De façon similaire au 137Cs, le 210Pbxs retombe lors des précipitations et s’adsorbe aux particules fines du sol (argiles, <63 µm) situées en surface. La distribution de l’activité en 210Pbxs dans un sol est similaire à celui du 137Cs ; celle-ci est maximale dans les premiers centimètres et décroît de façon exponentielle avec la profondeur (Figure 1.15). Cela explique notamment en quoi les propriétés de traçage de ce radionucléide sont identiques à celles du 137Cs (Wallbrink et al., 1998; Olley et al., 2013). De plus, son utilisation n’est ni limitée dans le temps, ni dans l’espace (apports continus par les pluies) contrairement à celle du 137Cs (apports ponctuels liés aux activités nucléaires produites principalement dans l’hémisphère nord, 77 % des retombées en 137Cs). L’état de l’art non-exhaustif réalisé sur ces radionucléides indique que ces derniers ne semblent pas avoir été utilisés pour discriminer spécifiquement des contributions de sources sédimentaires en lien avec des activités minières.
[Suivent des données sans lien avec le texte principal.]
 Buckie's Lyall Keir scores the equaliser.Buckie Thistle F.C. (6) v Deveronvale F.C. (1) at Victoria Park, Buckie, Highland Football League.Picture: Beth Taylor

Figure 1.15 : Schéma présentant l’origine du 210Pbxs (Le Gall, 2016) à gauche et son profil vertical d’activités dans un sol non-remanié (incertitudes, 2σ d’après Mabit et al. (2008))
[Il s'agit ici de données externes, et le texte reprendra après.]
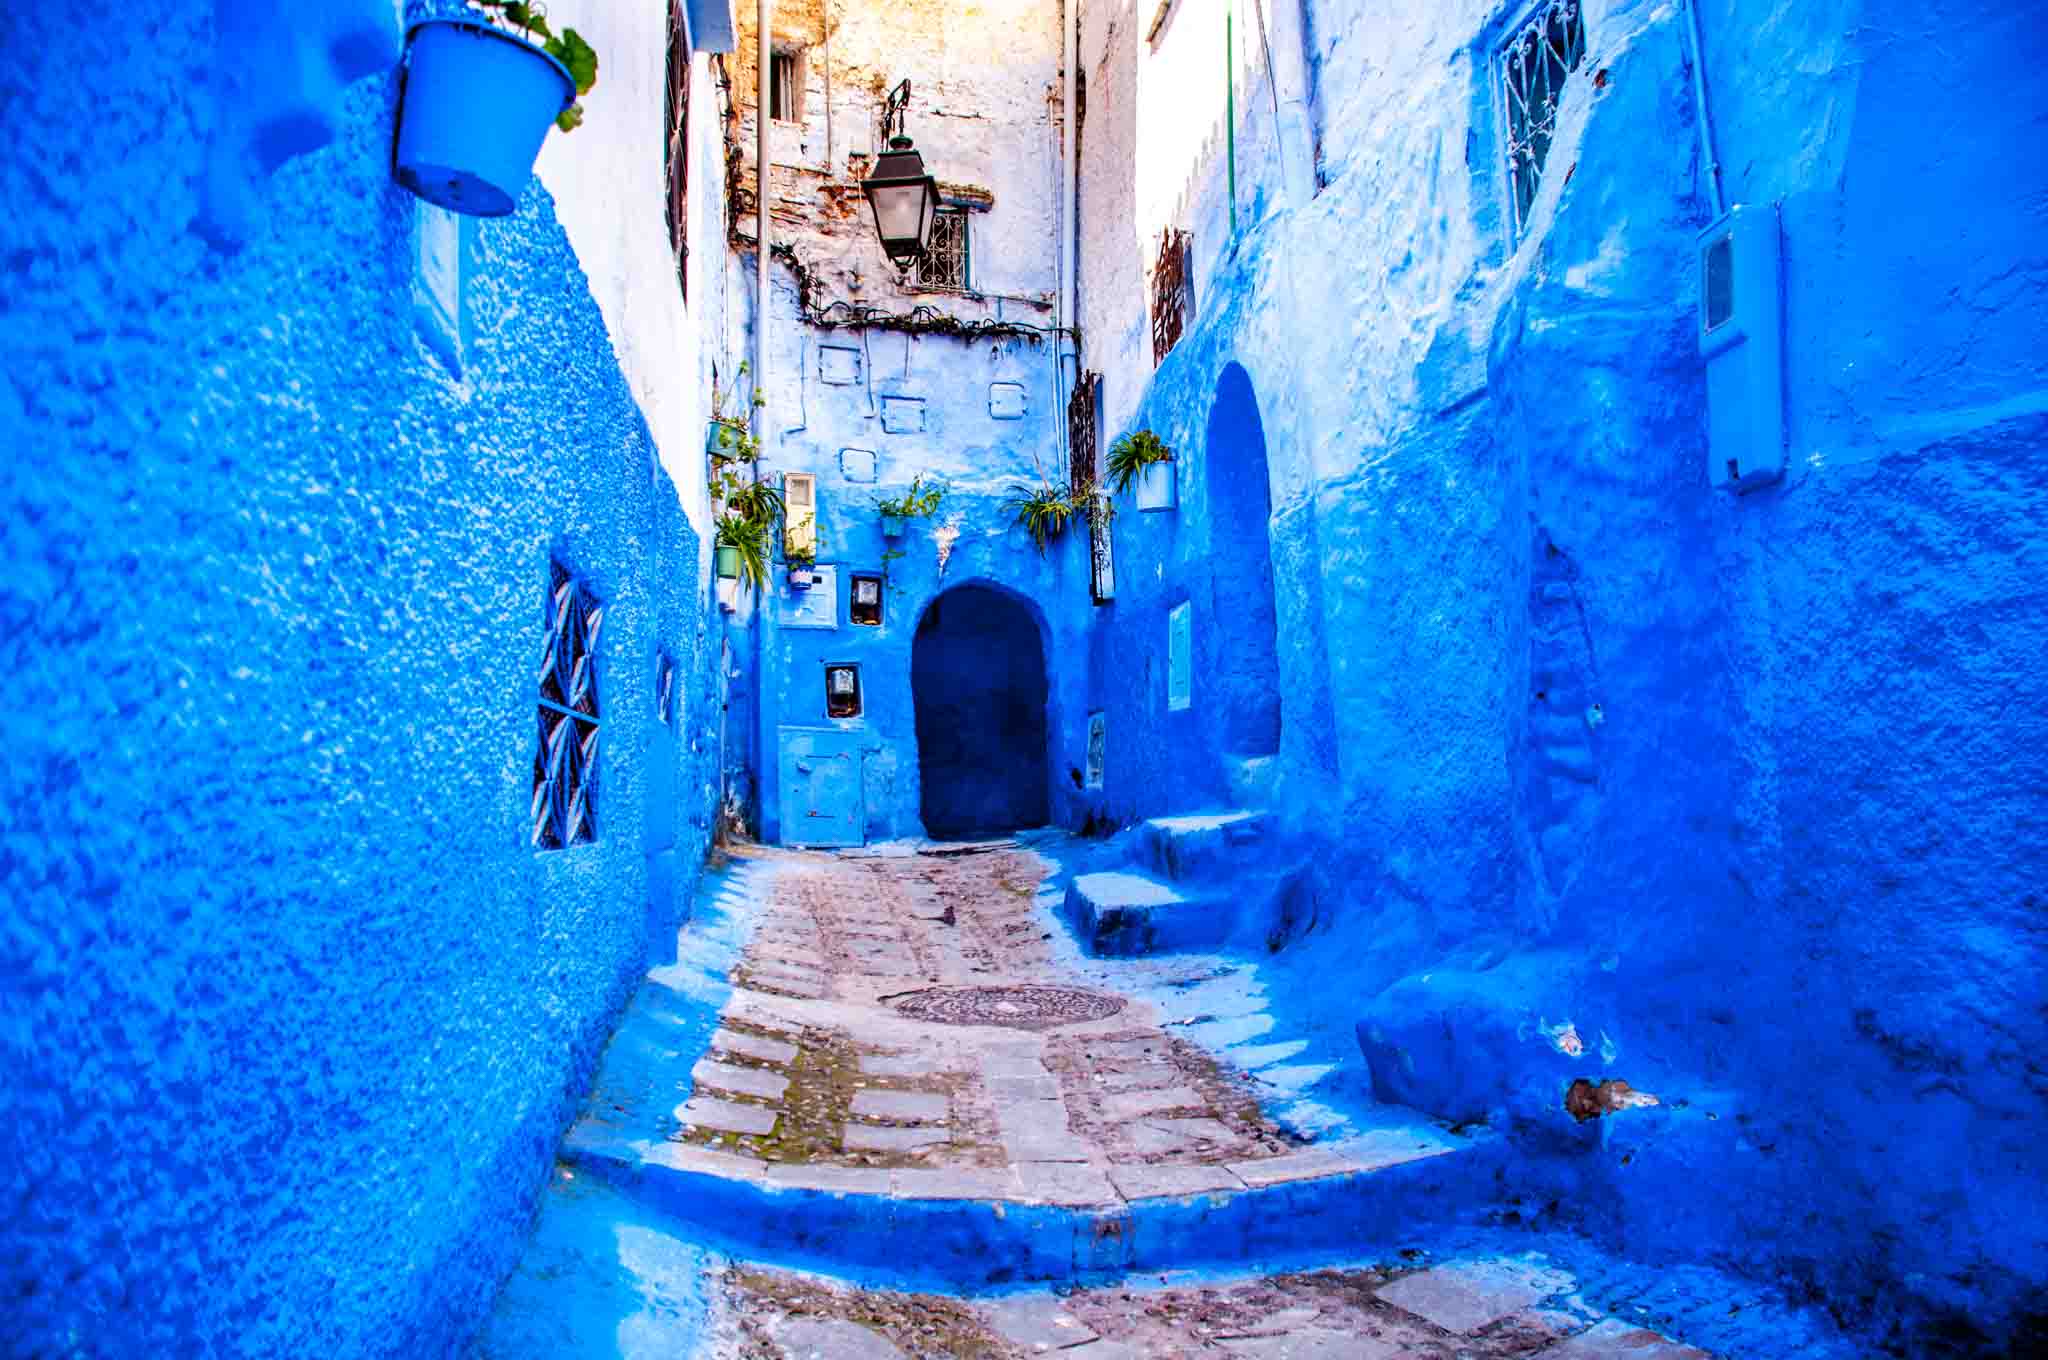 Alleyway in the Blue Pearl, Chefchaouen, Morocco.

Cependant, dans le contexte calédonien, les propriétés du 137Cs et du 210Pbxs pourraient se révéler utiles. En effet, les sédiments issus de l’érosion de surfaces minières (sources minières) sont majoritairement composés de matériaux de subsurface. Les industries minières excavent les couches superficielles enrichies en 137Cs et 210Pbxs pour extraire les minerais nickélifères situés en profondeur, il ne reste donc en surface que des sols peu enrichis en 137Cs et 210Pbxs. Dans les zones touchées par les feux de brousse et le pâturage, les sédiments peuvent provenir d'un mélange de matériaux de surface (érosion due à la pente) et de sols de subsurface (glissements de terrain). L’hypothèse qui est faite ici est de considérer des sédiments présentant des activités faibles en 137Cs et 210Pbxs comme pouvant provenir davantage de sources de subsurface (sources minières) alors que des sédiments présentant des activités plus élevées en ces radioéléments seront davantage associés à un mélange de sources de subsurface et de surface (sources non-minières).